«Будет только хуже, если ты натянешь на себя эту улыбку».

Я оперла смартфон об бутылку вина, стоящую на кофейном столике, и приняла вызов.

– Привет, готова поговорить?

Я кивнула со вздохом, тяжестью которого, в теории, можно было проломить голову.

– Тогда начинай. Как прошел твой день?

Веки слипались от усталости, но я знала – стоит лечь в постель, сон будто рукой снимет. И я снова до утра буду бездумно пялиться в потолок.

– Это был… тяжелый день.

– В каком плане?

Я продемонстрировала ей загипсованную левую руку и постучала по правой ноге. Нижняя конечность под разрисованным пациентами детской хирургии гипсом отозвалась легкой ноющей болью.

– Физическом. Я не привыкла быть такой беспомощной.

И это слабо сказано!
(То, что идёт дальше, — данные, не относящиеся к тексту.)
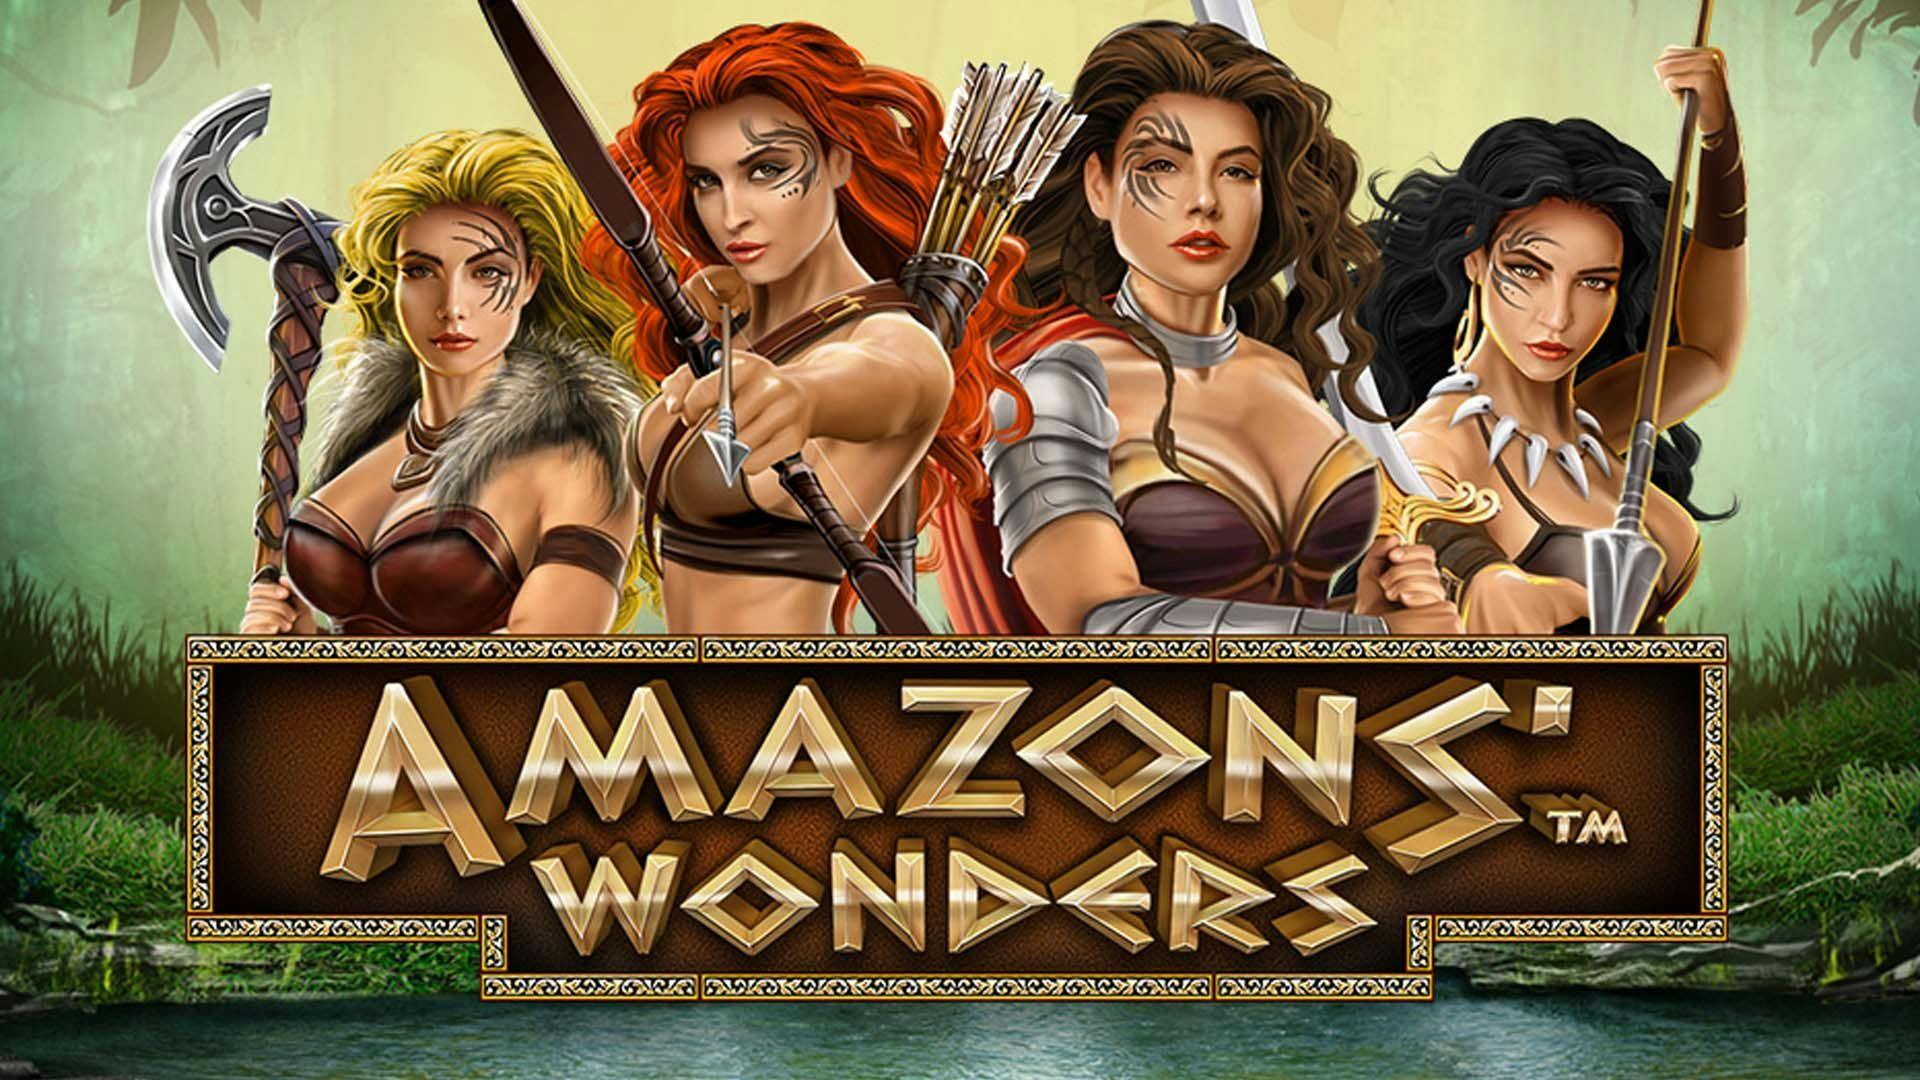 Amazons' Wonders Slot Online Free Game Play

Черт, да я ненавидела это все! Я ощущала себя такой слабой, что только от этого хотелось выть и бросаться на стены.

Элли понимающе кивнула.

– Резонно. Что интересного произошло с тобой сегодня?

Я угрюмо хмыкнула и запустила пальцы в волосы.

– За последние три недели самое интересное, что произошло со мной, это мои визиты в полицию.

Я поежилась, вспоминая эти самые визиты. Сначала приходить в полицию для меня было сродни казни. Я сидела на жестких стульях и прятала взгляд, считая себя виновной в том, что со мной произошло. Я смотрела на мужчин в форме и нервно сглатывала, потому что мне казалось, что и они обо мне того же мнения. И я боялась, что кто-то из них скажет это вслух. И это добьет меня. Но сейчас…

Спустя уже какой-то по счету визит я заходила в участок и испытывала лишь раздражение. Потому что полицейские смотрели на меня, прекрасно понимая, что я снова пришла ни за чем. А потому страха не осталось. Его сменила тотальная усталость.

Взгляд Элли стал острым.

– Сойера так и не нашли?

Я медленно покачала головой. Меня накрыла волна отчаяния. Голос дрогнул, когда я ответила:

– Он ловко скрывается. Или покинул страну, не знаю.

Это казалось невероятным. И мне стало казаться, что полицейские прикрывают задницу моего бывшего мужа. Как так получалось, что простого парня без богатых влиятельных родителей и друзей не могла найти вся рать Шалтая-Болтая?!

– Расскажи мне о последнем визите.

Я закатила глаза. Изнутри поднималось хорошо спрятанное – а точнее забитое в самый темный уголок души – раздражение.

– Это было вчера утром. Я еле поднялась по идиотской лестнице, полицейский усадил меня на стул, угостил пончиком и сказал, что они делают все возможное. Делают все, чтобы разыскать Сойера. И все. Опять. Снова.

Я прикрыла глаза. Каждый раз одно и то же. И вчера я не сдержалась, накричала на молодого мужчину в форме, который был со мной так мил, что у меня скулы сводило – будто я фунт мороженного за раз съела.

– Ты злишься на них?

Я перевела на девушку горящий яростью взгляд. Она приподняла бровь и склонила голову набок в ожидании ответа.

«Дыши, Хоуп».

– Да, я очень злюсь.

Мой голос в теории мог обратить Элли в кучку пепла, но она лишь кивнула и сделала какую-то пометку в своем блокноте.

– А на себя?

Я задержала дыхание.

Элли задавала этот вопрос уже не один раз. И каждый раз ответ на него был… разный.

– Хоуп?

Я расправила плечи, улыбнулась силе, растущей внутри меня, и ответила честно:

– Больше нет. Совсем не злюсь.

Еще несколько секунд девушка разглядывала меня. Ее губы тронула легкая улыбка.

– Не злишься?

– Это правда, Элли. Себя я больше не виню.

– Повтори то, что мы всегда говорим.

Я набрала в грудь побольше воздуха, пытаясь прогнать лед, вмораживающий мой желудок в позвоночник.

Эту мантру я повторяла почти каждую минуту на протяжении первых двух недель после нападения. Потом – реже. Но совсем перестать пока не могла.